Task data
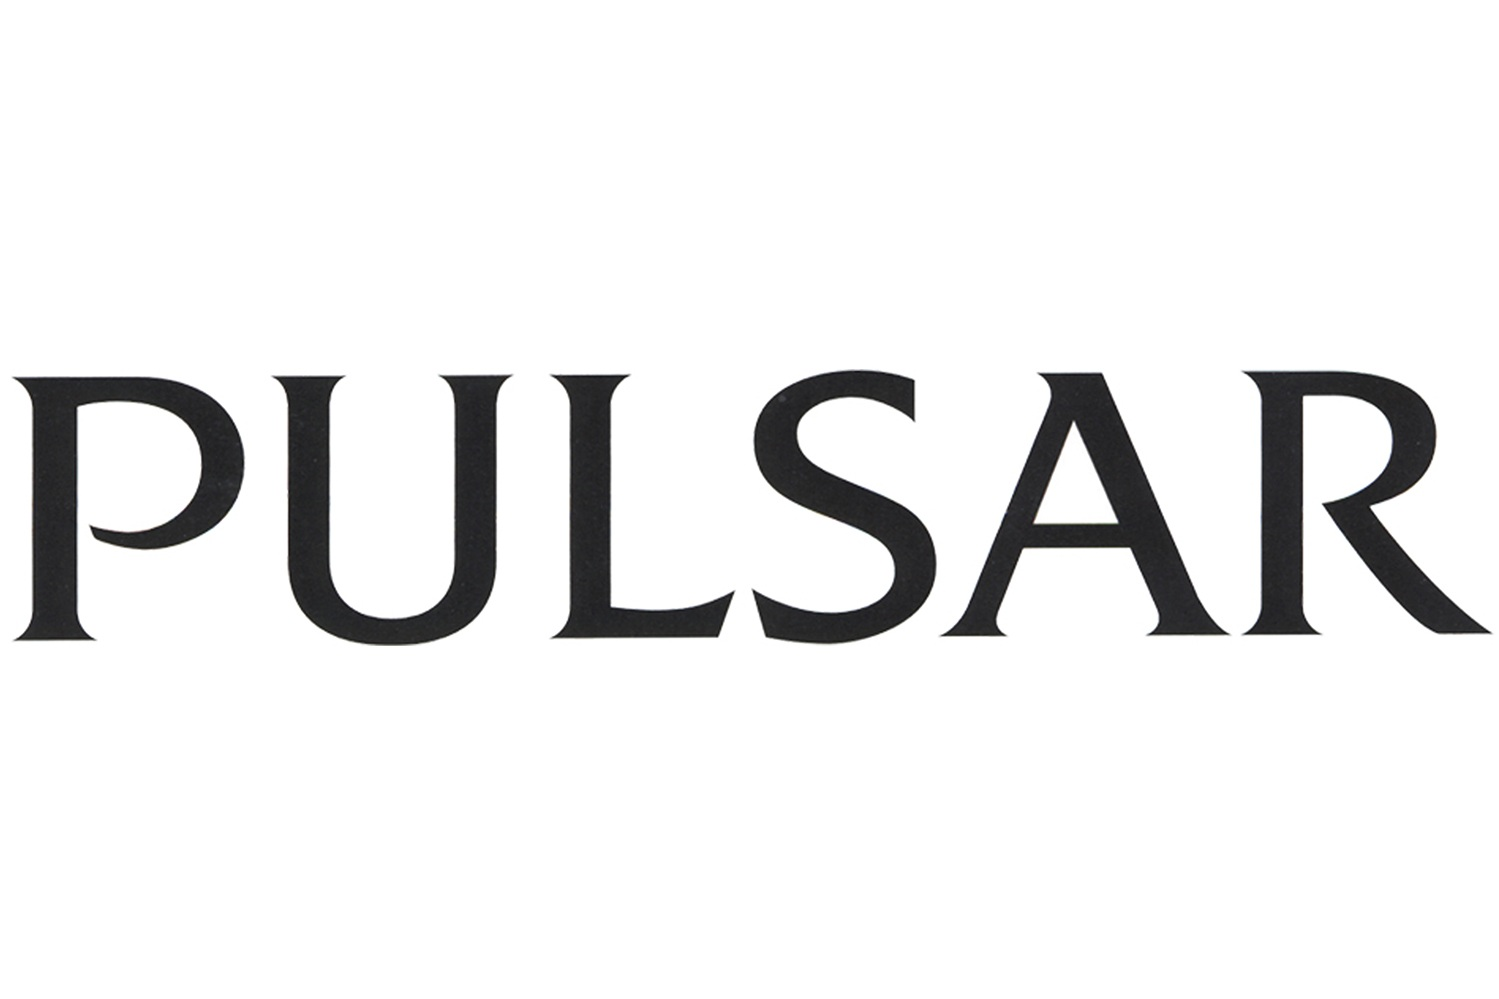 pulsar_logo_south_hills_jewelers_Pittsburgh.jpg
---
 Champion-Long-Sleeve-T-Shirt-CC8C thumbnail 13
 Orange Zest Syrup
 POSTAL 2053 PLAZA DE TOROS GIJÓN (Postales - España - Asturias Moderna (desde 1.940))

What needs to be done
Output the lines above between the one holding "Orange Zest Syrup" and the one holding "POSTAL 2053 PLAZA", inclusive, with nothing before or after them.

Task output
 Orange Zest Syrup
 POSTAL 2053 PLAZA DE TOROS GIJÓN (Postales - España - Asturias Moderna (desde 1.940))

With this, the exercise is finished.